Luiz Carlos Queiroz Cabrera, diretor da PMC&A, conjunto de empresas que emprega quase 50 pessoas, relembra o ano de 1975 quando Panelli, Mota e ele próprio, deixavam uma empresa líder de mercado no segmento de contratação de executivos, para criar a sua própria empresa.

"Logo de início" – reconhece ele com humildade – "procuramos uma assessoria em Relações Públicas, ante o reconhecimento de nossa incompetência nesse campo".

Então, "a ADS nos mostrou a necessidade de ‘primeiro, lutar para apresentar a nossa credibilidade’. O que foi feito e logo complementado com uma abordagem direta com a imprensa. Precisávamos de legitimidade porque, qualquer empresário que contrate nossos serviços, terá de nos abrir a empresa, nos dar conhecimento de todos os seus problemas. Nós trabalhamos para empresa, não para os profissionais.

"Essa idéia foi divulgada por meio de artigos e de palestras. Esse aspecto de ajudar a conceituar o nível de serviços que prestávamos, foi muito aproveitado pela concorrência" – prosseguiu Cabrera. "Em 1975, quando montamos a primeira empresa, existiam somente duas grandes empresas de contratação. Hoje temos as internacionais menos uma, isto é, sete e, no mínimo, 16 brasileiras.

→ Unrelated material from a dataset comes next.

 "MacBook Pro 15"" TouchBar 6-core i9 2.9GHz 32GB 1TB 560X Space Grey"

"Dez anos depois da criação de nossa primeira empresa, revendo com o Panelli e o Mota, nossas atividades iniciais, ocorreu-nos indagar do motivo e do critério pelos quais contratamos uma empresa de Relações Públicas. E chegamos a algumas conclusões: primeiro, tínhamos inteira confiança no profissional ao qual revelávamos nossa incompetência; segundo, reconhecíamos à empresa a capacidade de compreender e respeitar a nossa cultura profissional; terceiro, procurávamos alguém que tivesse não só a capacidade mas também a paciência de nos orientar: que tivesse eficiência e ainda eficácia; que tivesse uma boa metodologia e fosse eficaz, isto é, chegasse a bons resultados.

"Para os profissionais de Relações Públicas" – conclui Cabrera – "gostaríamos de observar que estão no limiar de uma intensificação da profissionalização. Por isso, devem-se manter alerta para se tornarem prestadores de serviços. E, acima de tudo para não se deixarem vincular ao sistema de formação de alianças ligadas ao poder, o que seria apenas prestação de favores".

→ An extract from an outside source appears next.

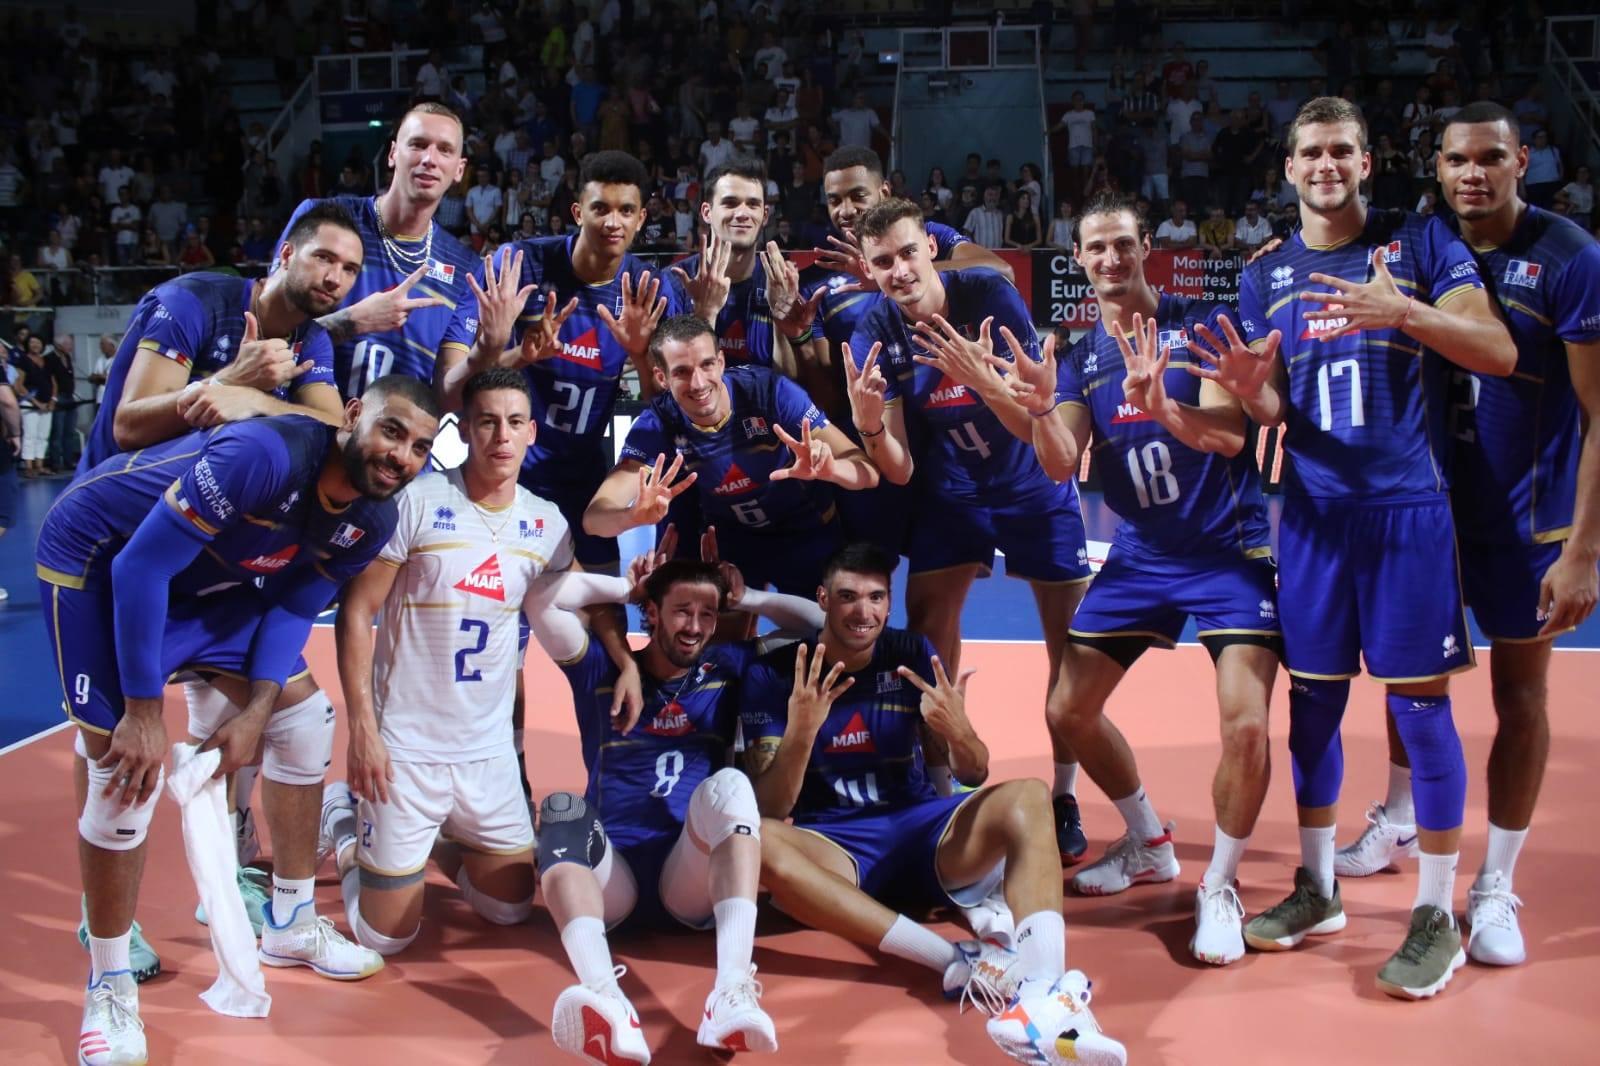 Les deux Equipes de France gagnent

CONTRATAÇÃO DE EMPRESA DE RELAÇÕES PÚBLICAS

"A empresa de Relações Públicas deve ser contratada como uma assessoria externa, praticamente nos mesmos moldes de uma auditoria contábil, uma consultoria administrativa, uma consultoria de engenharia ou assessoria técnica em outras áreas especializadas" – opina Valentin Lorenzetti, presidente da ABERP.

A remuneração de uma empresa de Relações Públicas é estabelecida com base no tempo de seu pessoal envolvido no trabalho proposto e pode ter duas formas: um fee global fixo e o time of staff, com honorários variáveis, de acordo com os trabalhos executados.

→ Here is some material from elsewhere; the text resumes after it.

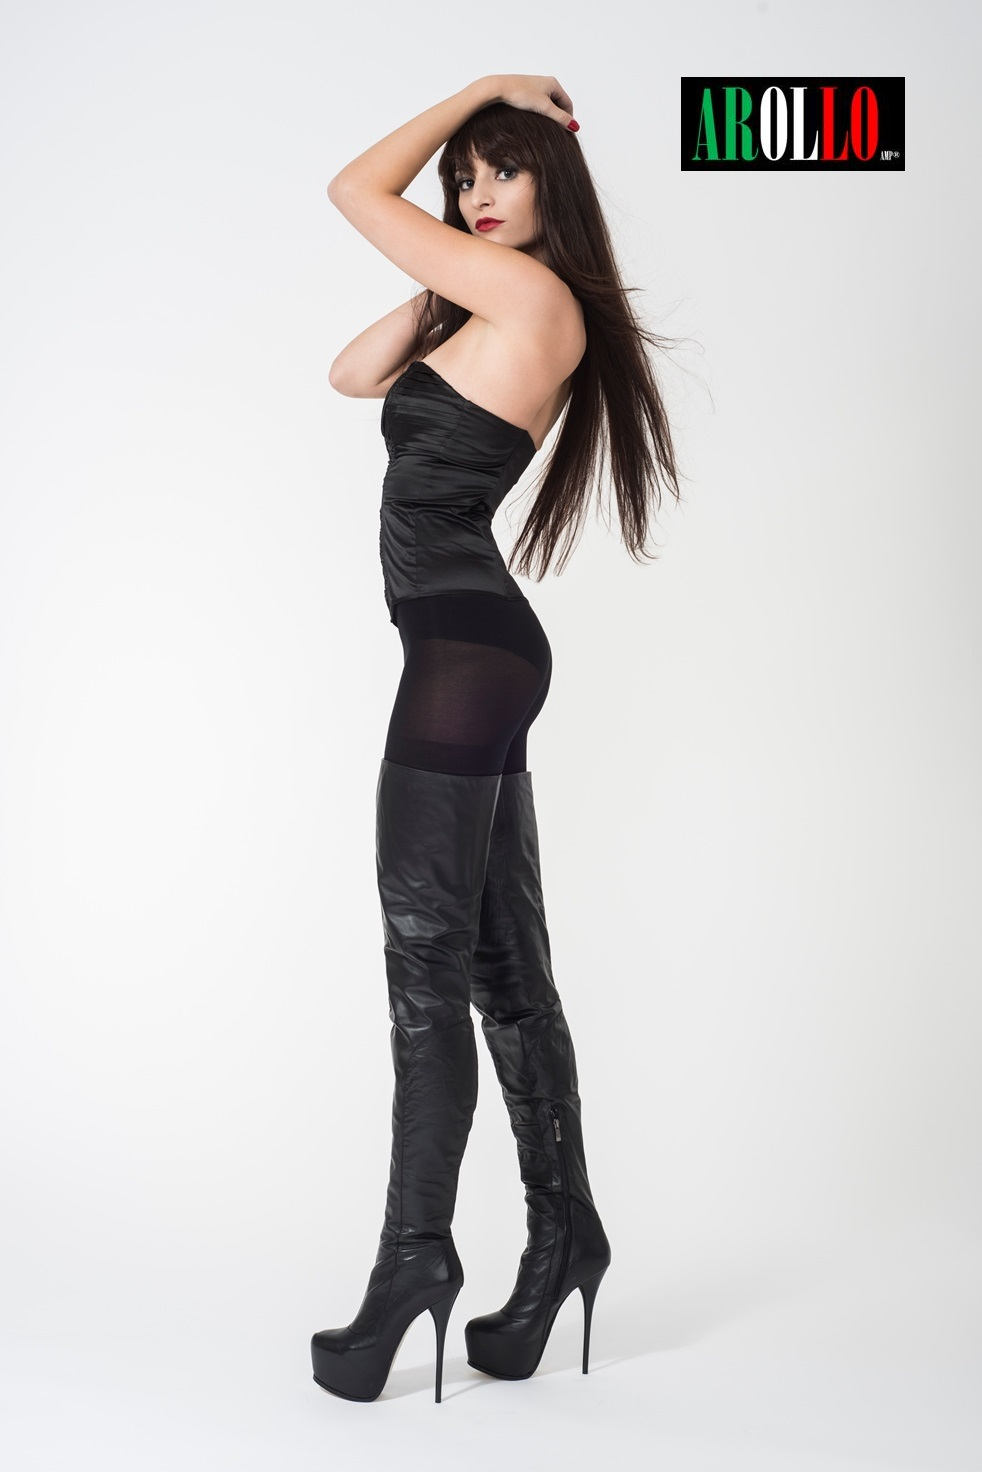 Arollo Leather Heeled Boots Vaness13

"Alguns pontos básicos devem ser levados em conta na contratação de uma empresa de Relações Públicas", acrescentou. "Que seja legalmente constituída; que tenha estrutura mínima, recomendada pela ABERP para auditoria social; recomendação de pesquisas de opinião, assessoria na definição de questionários, análise e interpretação de resultados e recomendação de procedimentos; definição de objetivos institucionais e criação de planos de Relações Públicas para realizar o Marketing Institucional do cliente; assessoria em procedimentos políticos, administrativos e protocolares com repercussão na opinião pública; recomendação e orientação de programas comunitários; criação de canais de comunicação com os diferentes públicos, com o objetivo de informar e/ou esclarecer; relacionamento coma imprensa para estabelecer um adequado canal de comunicação com os clientes".

Originalmente publicado no Catálogo Brasileiro de Profissionais de Relações Públicas, São Paulo, v. 6, p. 6-10, 1984, editado pelo CONRERP 2ª Região – São Paulo/Paraná.